When The Leftovers is over, after two or eight seasons, this will be my favorite scene, the one that "sticks to me" like Patti stuck to Kevin. Little Patti jumps right up and sits on the ledge, practically daring Kevin. "Do you want to drop me in or do you want to push me in?" she asks, as Kevin hesitates. "Pushing me's probably easier. … Would it help if I say I deserve it?"

"International Assassin" is Theroux's Emmy episode, and this is his Emmy scene. There are 100 emotional decisions he makes in this quick scene, and every one is correct. Just as the sweet little girl is about to say something else, he shoves her over.
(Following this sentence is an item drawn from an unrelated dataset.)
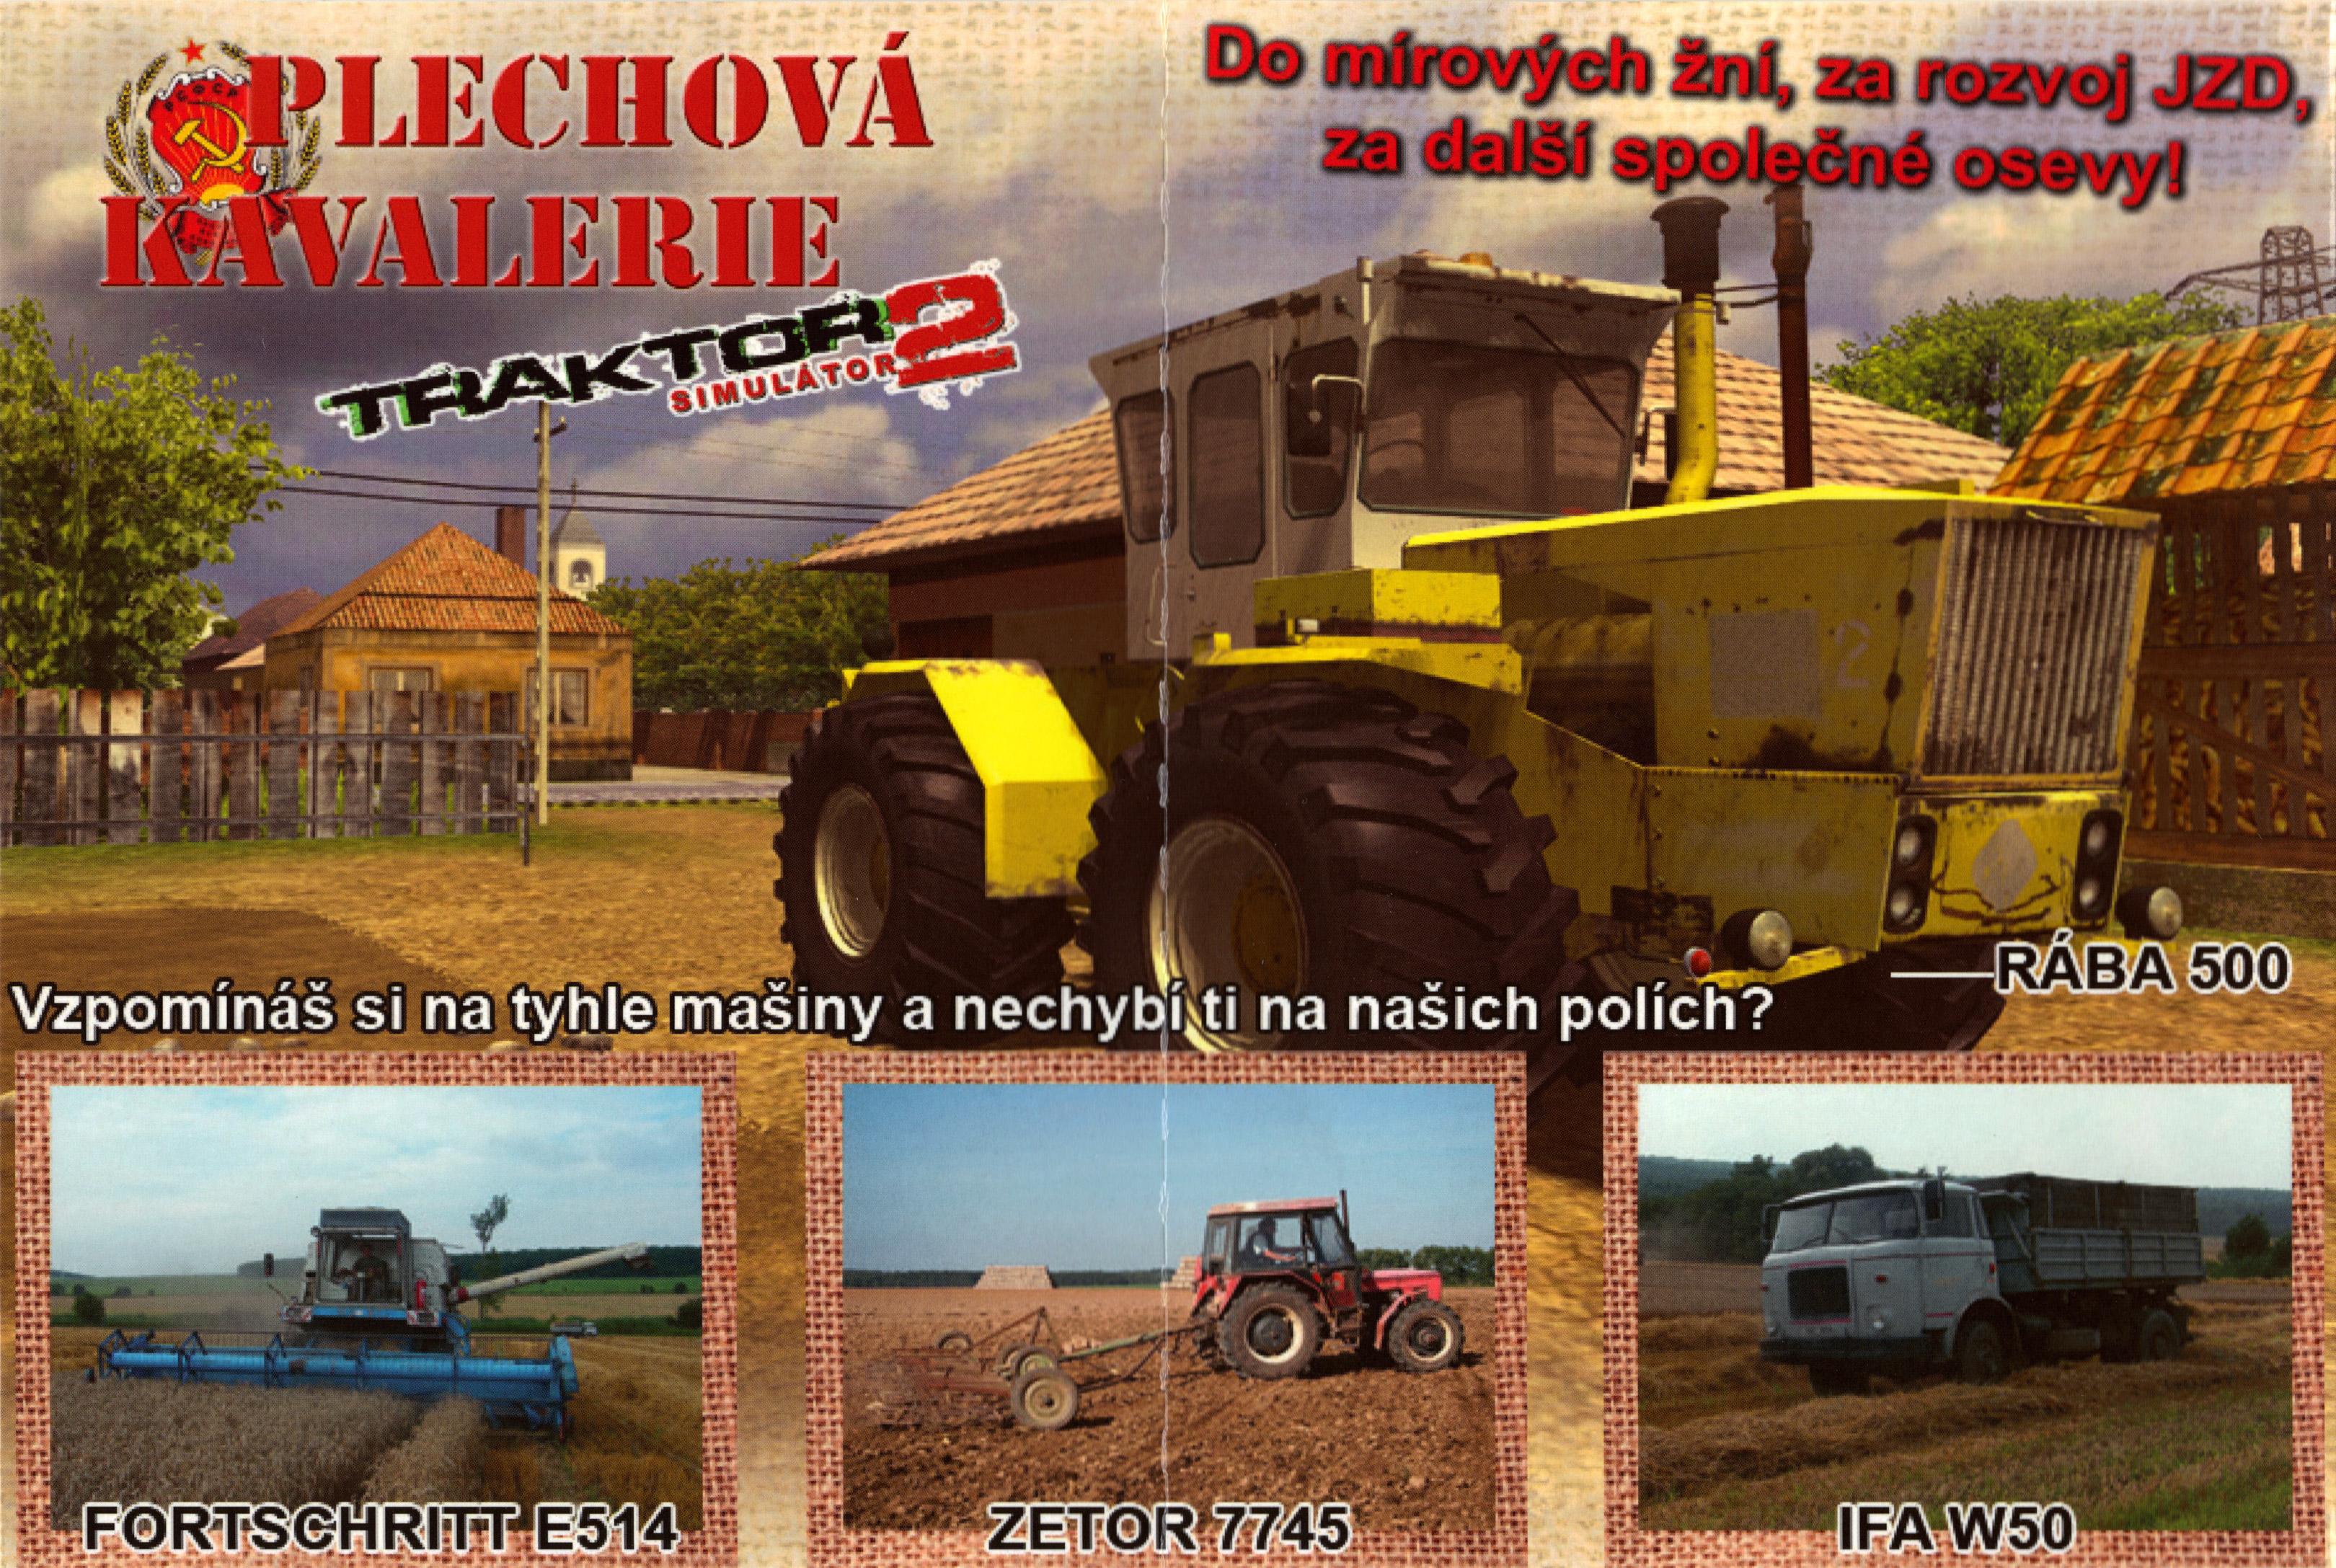 traktor zetor simulator 2011 plechova kavalerie

Just like that.

And the music stops.

A hawk shrieks.

And then… "Help… please… Kevin."

Why! Won't! She! Die!

He can't resist, and he climbs in the well. At the bottom is adult Patti, bloodied from the fall and clearly injured. Kevin falls and is injured as well. With no place else to go, she tells him her Jeopardy story and her plan to win $50,000 so she could leave her husband. She went on to win more than $65,000—despite the effectively intimidating silence of her rival—but still, she couldn't bring herself to leave her husband and start over. She was scared. Scared of the unknown, just like she is now.

Kevin consoles her, and then pushes her under the water until she stops struggling.

The earth shakes, and the well crumbles on top of Kevin. What was it that Sen. Levin told him during their meet-and-greet? "Our cave collapsed, Kevin. Now we can spend all our time digging through the rubble, looking for signs of life. Or… we can transform."

Is Kevin transformed? He digs himself out of a shallow grave and finds himself staring up at a surprised Michael Murphy, who presumably had buried Kevin as if he were a wounded bird, per Virgil's instruction.

Kevin has made it out alive. But did Patti survive as well?

Either way, "International Assassin" has ripped open a hole in The Leftovers. A pathway, might be a better word. It put its cards on the table and made a dozen decisions about the type of story that is being told. Kevin will be forever changed. As will the way we look at his world.